The widespread and systematic nature of these attacks on infrastructure invalidates the hypothesis of “operational error” and reinforces the premise of “Collective Punishment.” According to Article 33 of the Fourth Geneva Convention, punishing civilian individuals for offenses they have not personally committed is absolutely prohibited. When the objective of attacking power plants and distribution networks is to pressure the collective will of a nation by depriving them of basic needs, the available evidence points toward a “Joint Criminal Enterprise” which, under the Rome Statute of the International Criminal Court (ICC), can be classified as crimes against humanity or war crimes.
From the perspective of the law of international responsibility (Draft Articles on Responsibility of States for Internationally Wrongful Acts), any internationally wrongful act committed by a state or forces under its control entails accountability and the obligation to make reparation. The destruction of Iranian infrastructure on this massive scale, beyond financial damage, constitutes “damage to the international public order.” Accordingly, the international community is obligated not only to condemn these actions in political statements but also to activate legal mechanisms for rigorous fact-finding and the prosecution of the perpetrators and commanders of these attacks.
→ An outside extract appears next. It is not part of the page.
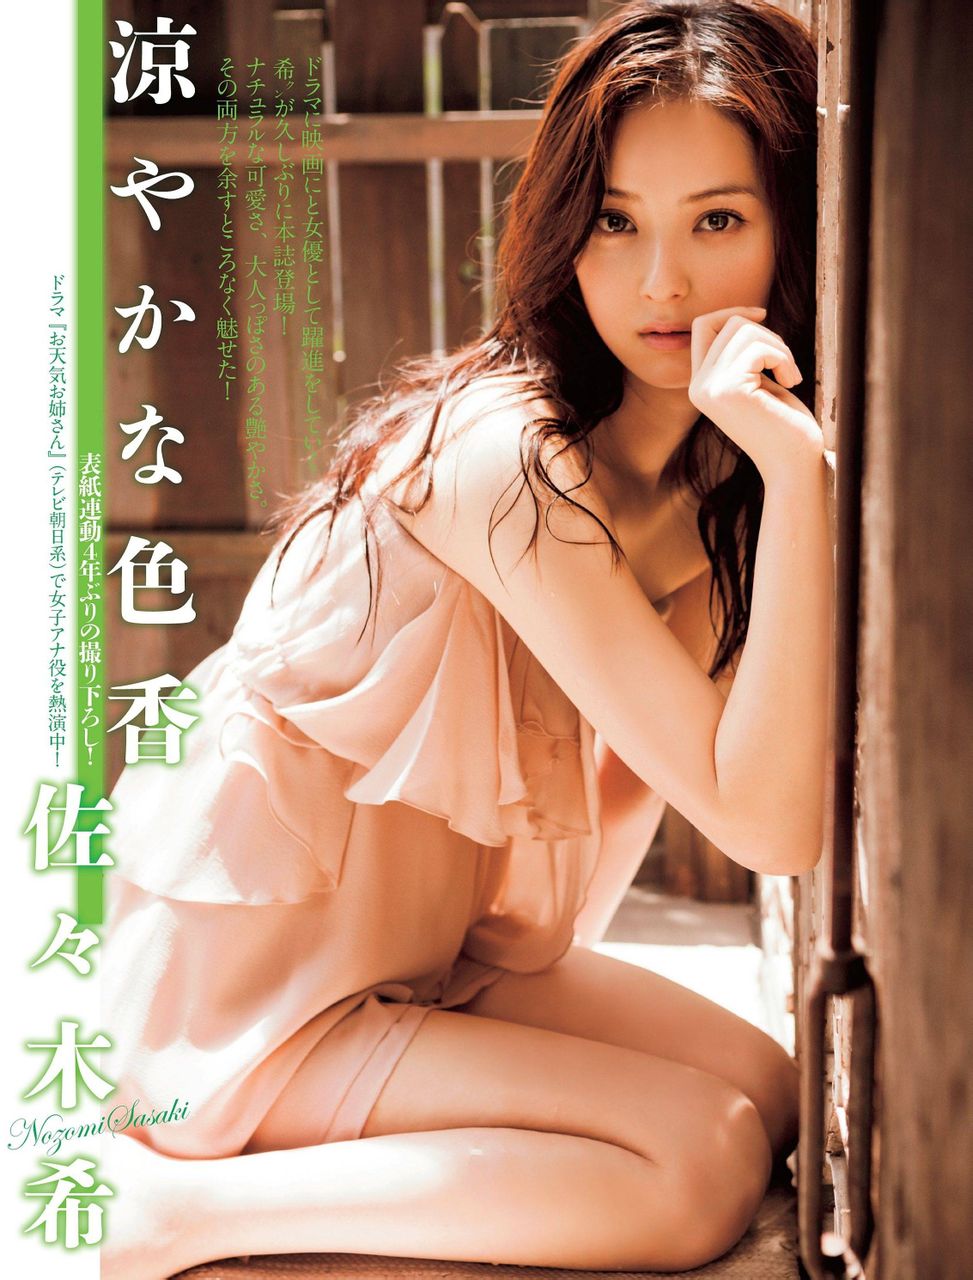 Nozomi Sasaki Porn - Nao Kanzaki and a few friends: Nozomi Sasaki: 2013 magazine scans #2 and  her wedding dress collection

The absolute condemnation of the hostile assault on infrastructure during the Ramadan War is a concrete embodiment of the systematic violation of human rights and humanitarian law. These actions are viewed as an attempt to regress the logic of war back to an era prior to legal civilization—a period where no boundaries existed between combatants and civilians. These attacks are decisively condemned based on four grounds: the deliberate violation of the principle of distinction, the targeting of facilities indispensable for survival, assaults on protected relief institutions, and the implementation of a policy of collective punishment. The history of international law will bear witness that silence in the face of the systematic destruction of vital living infrastructure amounts to signing the decree for the moral decay of global norms. Justice demands that not only physical perpetrators but also the macro-architects of this “assault against infrastructure” be held accountable before competent tribunals. Defending civilian infrastructure is a defense of the material embodiment of human dignity, and any leniency in this regard can be interpreted as a license for more horrific crimes in the future.